# Project #2: Convex Hull

## Overview

In this project, you will implement a divide and conquer algorithm for finding the convex hull of a set of points and you will analyze the algorithm both theoretically and empirically.

## Objectives

• Implement a divide and conquer algorithm
• Solve a non-trivial computational geometry problem
• Mature as problem-solvers
• Understand the relationship between theoretical and empirical analysis

## Background

The convex hull of a set $Q$ of points is the smallest convex polygon $P$ for which each point in $Q$ is either on the boundary of $P$ or in its interior.

To be rigorous, a polygon is a piecewise-linear, closed curve in the plane. That is, it is a curve, ending on itself that is formed by a sequence of straight-line segments, called the sides of the polygon. A point joining two consecutive sides is called a vertex of the polygon. If the polygon is simple, as we shall generally assume, it does not cross itself. The set of points in the plane enclosed by a simple polygon forms the interior of the polygon, the set of points on the polygon itself forms its boundary, and the set of points surrounding the polygon forms its exterior. A simple polygon is convex if, given any two points on its boundary or in its interior, all points on the line segment drawn between them are contained in the polygon’s boundary or interior.

We denote the convex hull of $Q$ by $CH(Q)$. Intuitively, we can think of each point in $Q$ as being a nail sticking out from a board. The convex hull is then the shape formed by a tight rubber band that surrounds all the nails. The following figure shows a set of points $Q = \{p_0, p_1, \ldots, p_{12}\}$ with its convex hull $CH(Q)$:

## Applications

More generally beyond two dimensions, the convex hull for a set of points $Q$ in a real space $V$ is the minimal convex set containing $Q$.
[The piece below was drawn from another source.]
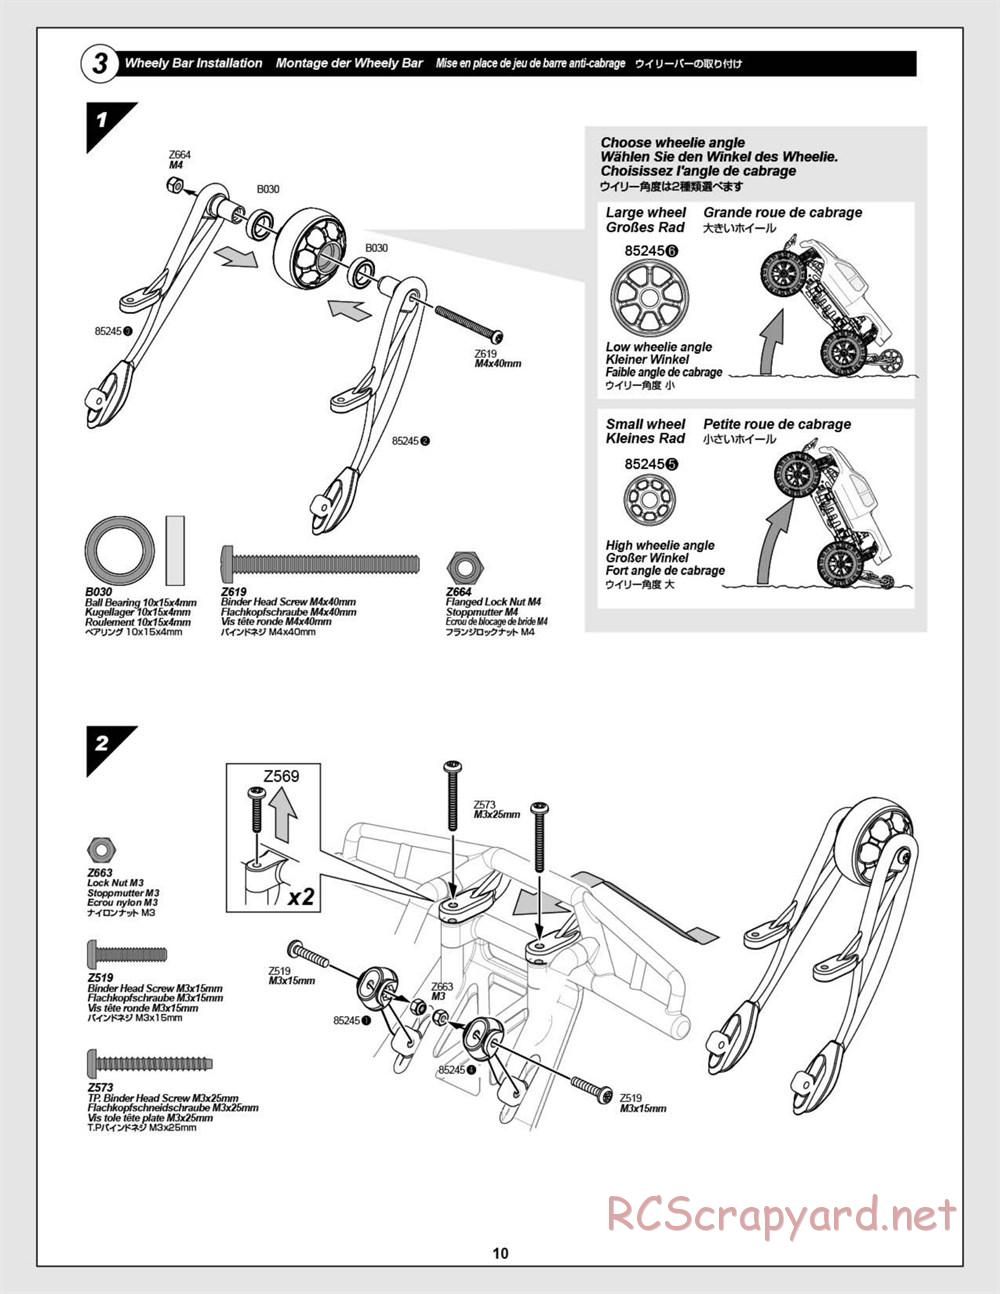 HPI - Savage Flux HP - Manual - Page 10

Algorithms for some other computational geometry problems start by computing a convex hull. Consider, for example, the two-dimensional farthest-pair problem: we are given a set of n points in the plane and wish to find the two points whose distance from each other is maximum. This pair is also referred to as the diameter of the set of points. You can prove that these two points must be vertices of the convex hull.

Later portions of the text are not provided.